━━ Dataset extract

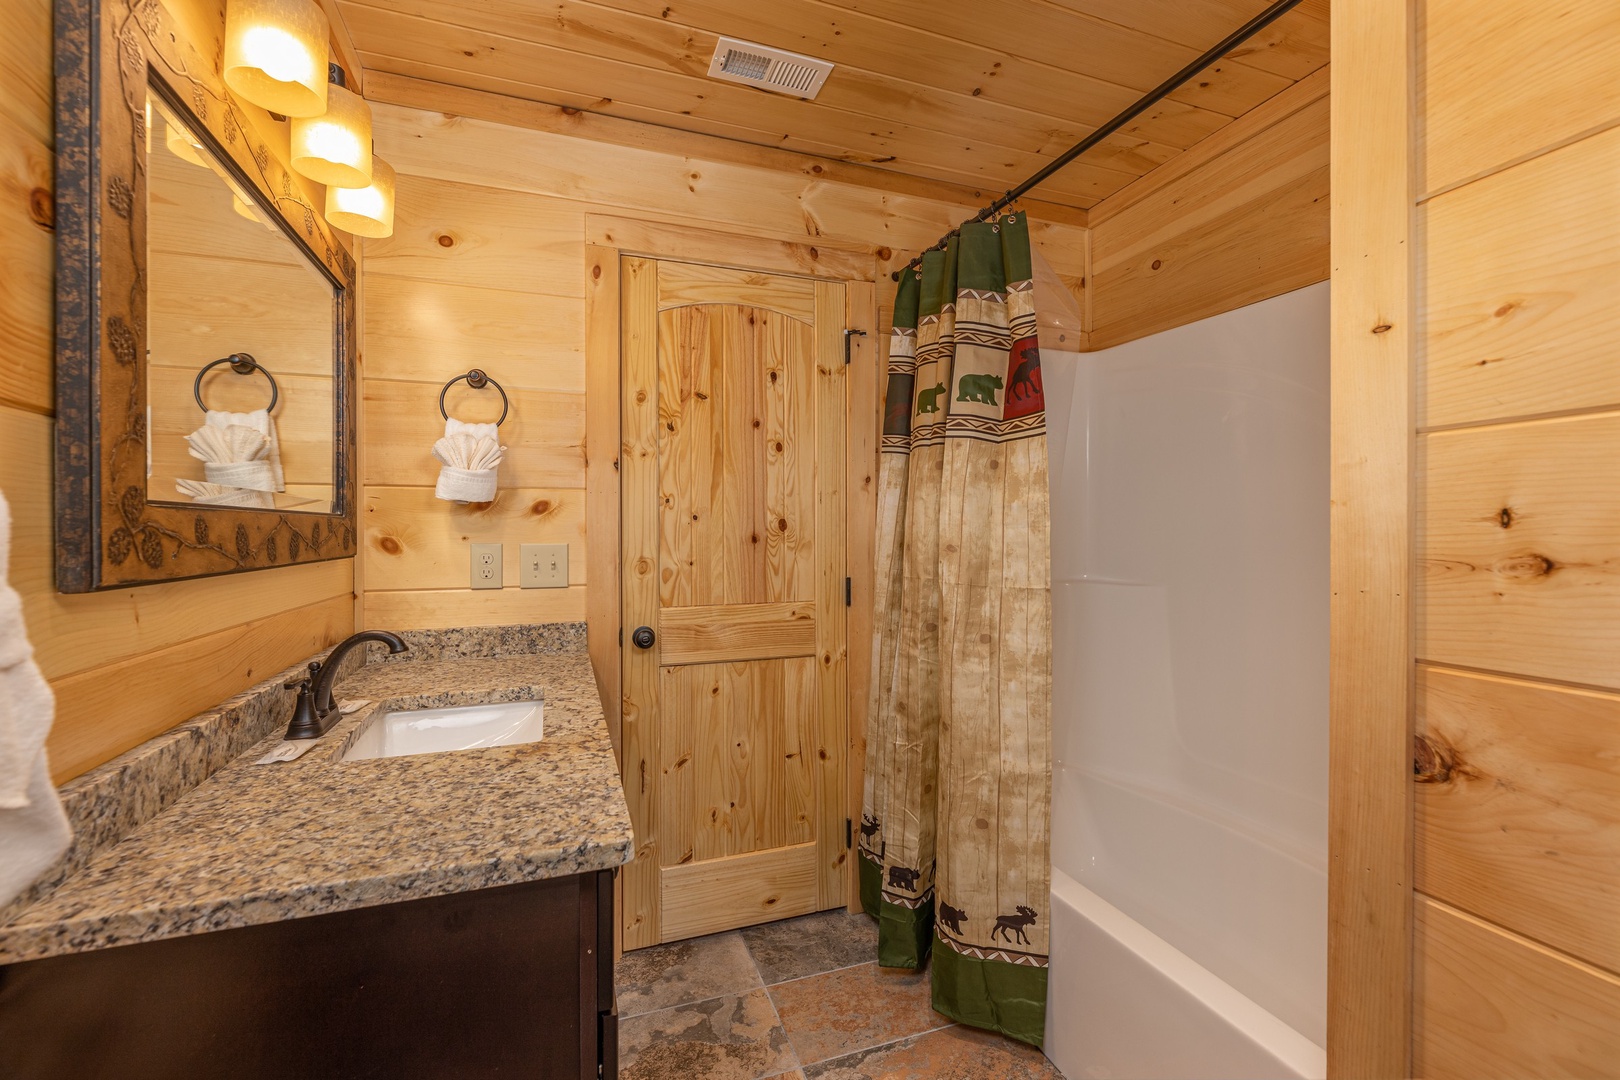 Bathroom with a tub and shower at Bessy Bears Cabin, a 2 bedroom cabin rental located inGatlinburg
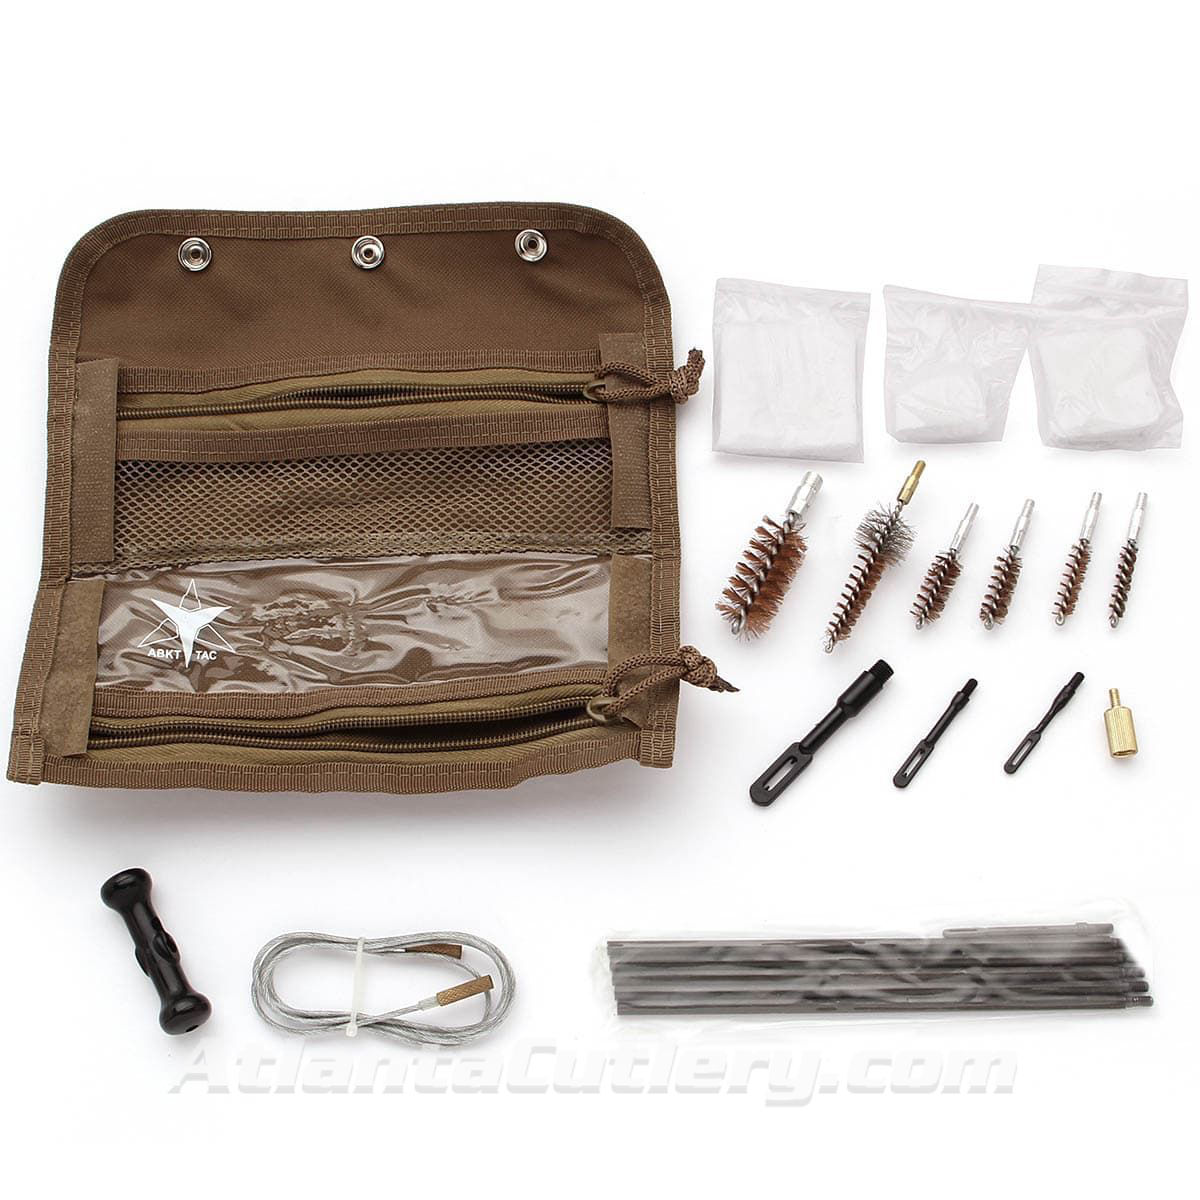 Portable Tactical Gun Care Kit with brass bore brushes, iron rods, patch pullers and cotton patches
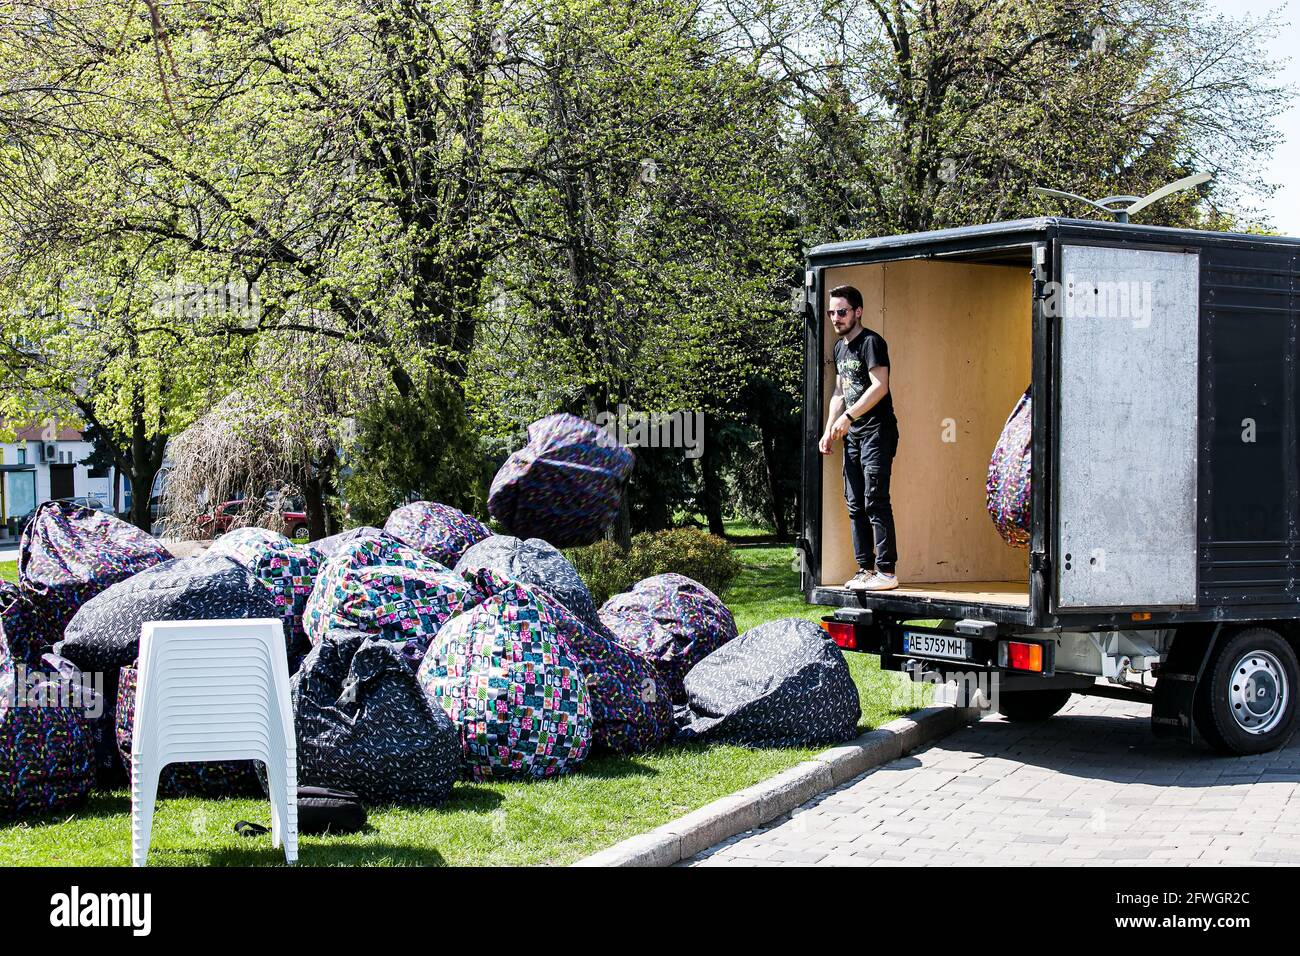 Dnepropetrovsk, Ukraine - 01.05.2021: preparing the summer cafe for the season. Unloading soft outdoor seat-chairs. Stock Photo
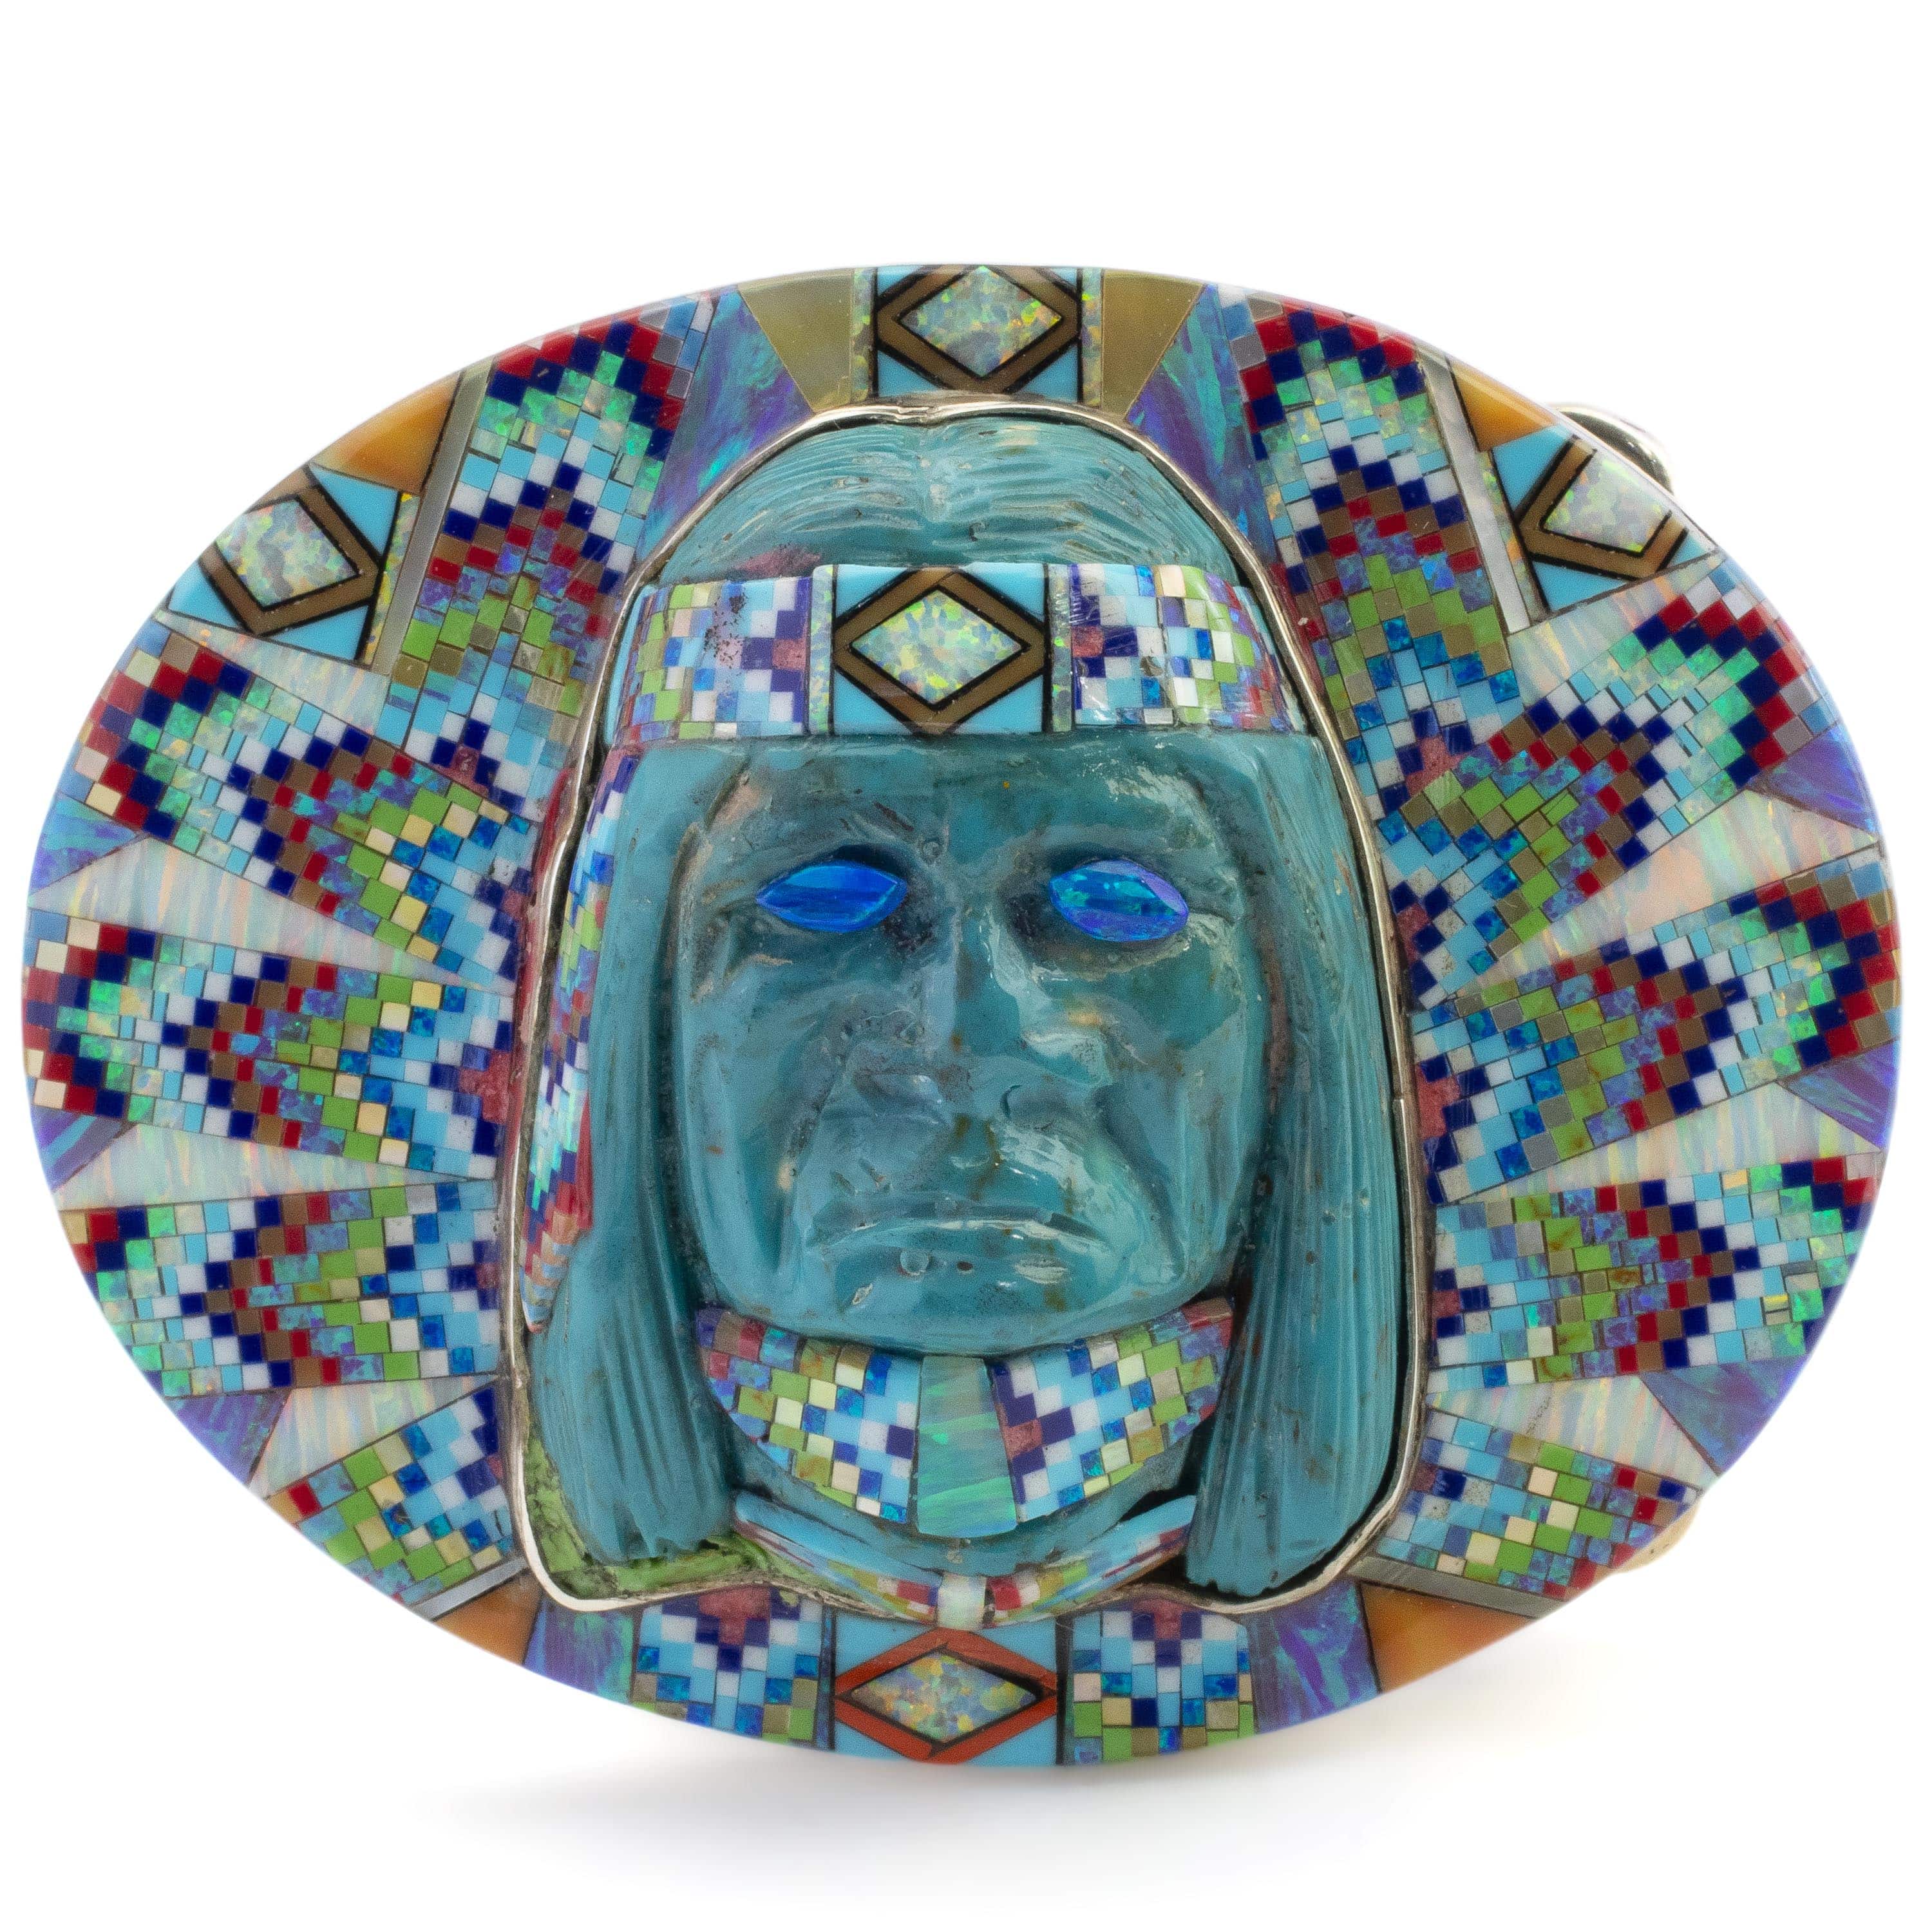 KALIFANO Southwest Silver Jewelry Multi Gem Opal Micro Inlay with Genuine Turquoise Indian Chief Handmade 925 Sterling Silver Oval Belt Buckle AKBB2400.002

━━━━

(What is needed):
Only the lines from the one containing "Dnepropetrovsk, Ukraine - 01.05.2021: preparing" through the end of the listing above should be reproduced, exactly as they stand. Leave the pictures out.

(Solution to this task):
 Dnepropetrovsk, Ukraine - 01.05.2021: preparing the summer cafe for the season. Unloading soft outdoor seat-chairs. Stock Photo
 KALIFANO Southwest Silver Jewelry Multi Gem Opal Micro Inlay with Genuine Turquoise Indian Chief Handmade 925 Sterling Silver Oval Belt Buckle AKBB2400.002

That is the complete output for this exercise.